Sunday, June 21, 2009

Economic Reports from the Front Lines

Today, your intrepid blogger braved drizzly Beverly Hills skies and had breakfast with the founder of a medium-sized chain of jewelry stores in the Southern California region. Did this gentleman, who had long since given his stock to his descendants, see green shoots? More no than yes, unfortunately. To wit: Last year the company had become unprofitable. Their long-time bank pulled their line of credit for that reason only. The company had minimal need for short-term debt, financed their needs out of the founding family's pocket temporarily, and found a new bank. The old bank that stiffed them had a separate asset management division, which had no clue that it was about to lose a long-time client. (It would be good if these divisions communicated!) Anyway, enough employees were fired or otherwise had hours reduced so that the company is profitable again. The bad news is that sales still stink, probably down 15% from two years ago. Two major competitors have gone bankrupt in the past year or so, so all other things being equal, business should be up as migration to the survivors has occurred, and it is not noticeably up.

Furthermore, Beverly Hills and nearby less tony areas have immense amounts of high-profile empty commercial storefront for lease. It's a severe situation, and commercial real estate is a lagging indicator, suggesting worse to come. It was hard to look at all the rentable commercial space and not expect a prolonged time return to the prior peak level of economic activity.

Moving back to the home (Florida) front, a report from a banker with a major lender is that there are no green shoots. None. Refi activity has recently shrunk to near zero with the pop up in mortgage rates; home sales are horrible, and home prices are eroding. Other personal sources in California and Florida report no green shoots visible yet, either.

Perhaps other regions are more buoyant.

That's a quick report from the front lines. Here's a comment from one of the largest corporations in the known universe, General Electric, from Bloomberg.com, in GE Vice Chair Rice Sees No ‘Green Shoots’ in Orders:

General Electric Co. Vice Chairman John Rice said he isn’t seeing an increase in orders even as U.S. economic statistics suggest the world’s largest economy may soon shift to a recovery.

“I am not particularly of the green shoots group yet,” Rice said today to the Atlanta Press Club, referring to a phrase used by Federal Reserve Chairman Ben S. Bernanke that described signs of a nascent recovery. “I have not seen it in our order patterns yet. At the macro level, there may be statistics suggesting the economy is starting to turn. I am not seeing it yet.”

It is more than 3 months since Dr. Bernanke green-shooted (green-shot?). The stock market has responded with a major bull move. Yet the economist David Rosenberg points out that more than all the up-indicators in the Leading Economic Indicators were financial ones; the real-world indicators actually were slightly down in May. If Paul Krugman is correct that the U. S. is in a liquidity trap, then the financial indicators will overstate the future response of the real economy. Furthermore, both the LEI and the ECRI's indicators take rising commodity prices as positive signs. I question whether a rise in the price of oil is a positive leading economic indicator. Perhaps it was in the days when the U. S., Western Europe and Japan were the only importers of oil that counted. To the extent that the rise in oil price and that of other commodities relates to China using oil and the other commodities for its internal growth, it would appear that this is a positive leading indicator for Chinese GDP and a negative indicator for U. S. GDP.

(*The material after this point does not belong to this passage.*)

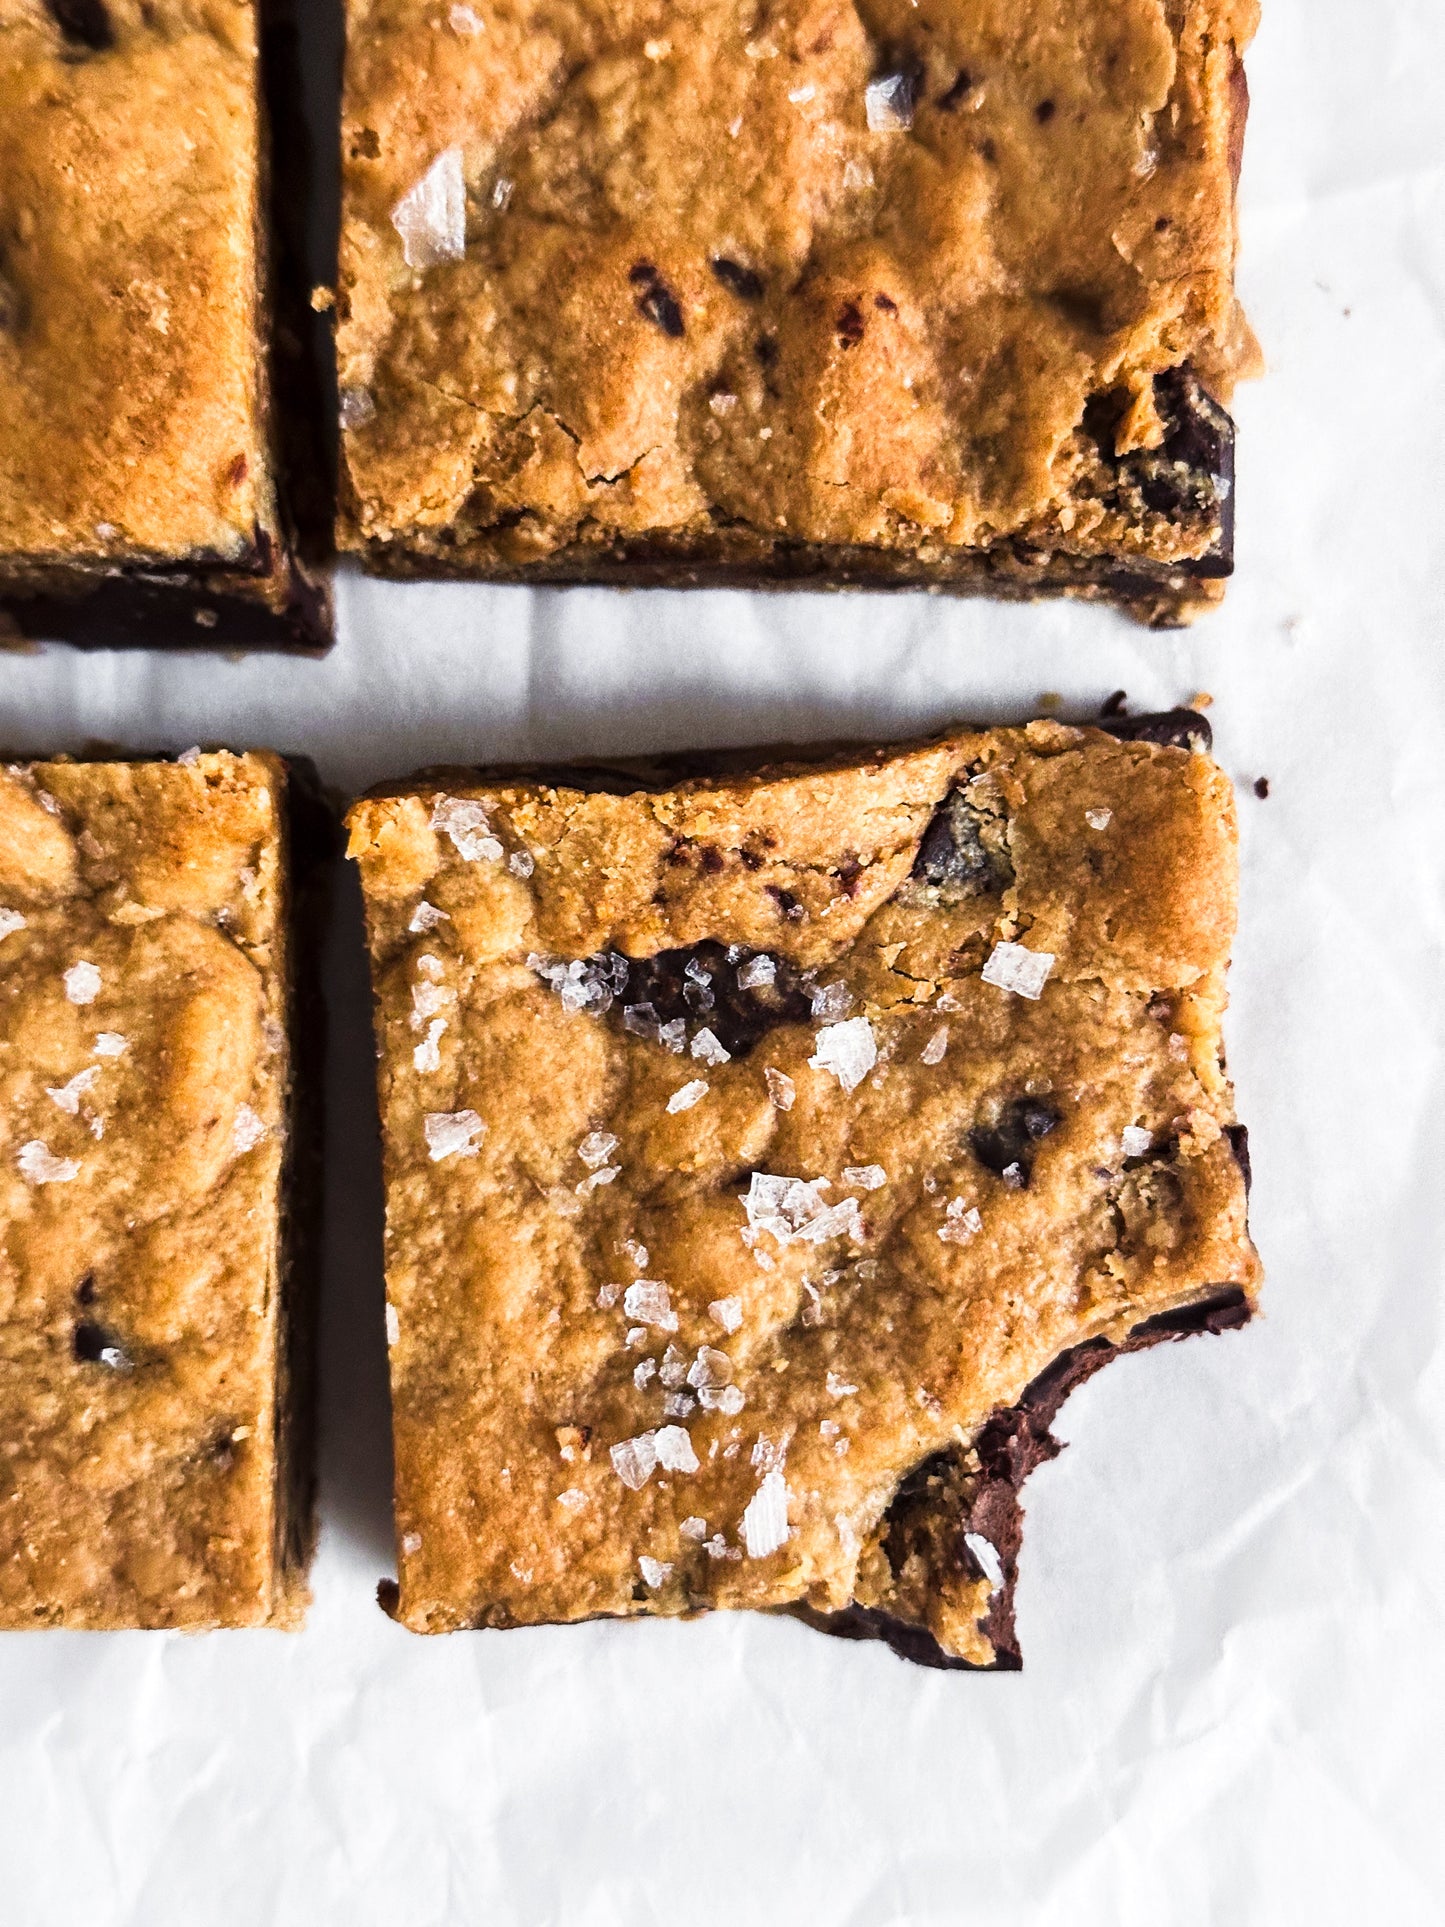 Limited Edition: Chocolate Chunk Cookie Bar

One final observation: Much as the Street likes to speculate on the future with various indicators, the action of the Dow Jones post the 1932-3 bottom(s) in the market correlated closely with one variable: dividend payments. As companies resumed or increased dividend payouts after the Crash, stock prices rose; when dividends were cut after the 1937 recession, stock prices fell apace. In other words, investors need not neglect the facts they see around them. All the rest is guesswork about the future; and in the other direction, an over-reliance on historical precedent can also lead one seriously astray.

With many markets balanced between their 12-month high and low points, and with several sitting by their declining 200-day moving averages which are now intersecting with their rising 50-day ma's, there is lots to follow fundamentally and technically: a rare time of equilibrium in a variety of ways. Lots of pots a-boiling.

Copyright (C) Long Lake LLC 2009

1 comment:

  1. Rising oil prices are an excellent leading/coincident indicator for economic downturn. Jim Hamilton has commented lucidly on this over at Econobrowser.

    The business I'm in is pure private sector investment with strong dependence on autos and construction. No green shoots obviously. Neutral cash flow is possible only through work hour reductions of up to 50%. If employee unemployment benefits run out before the business climate improves,there are painful choices to be made.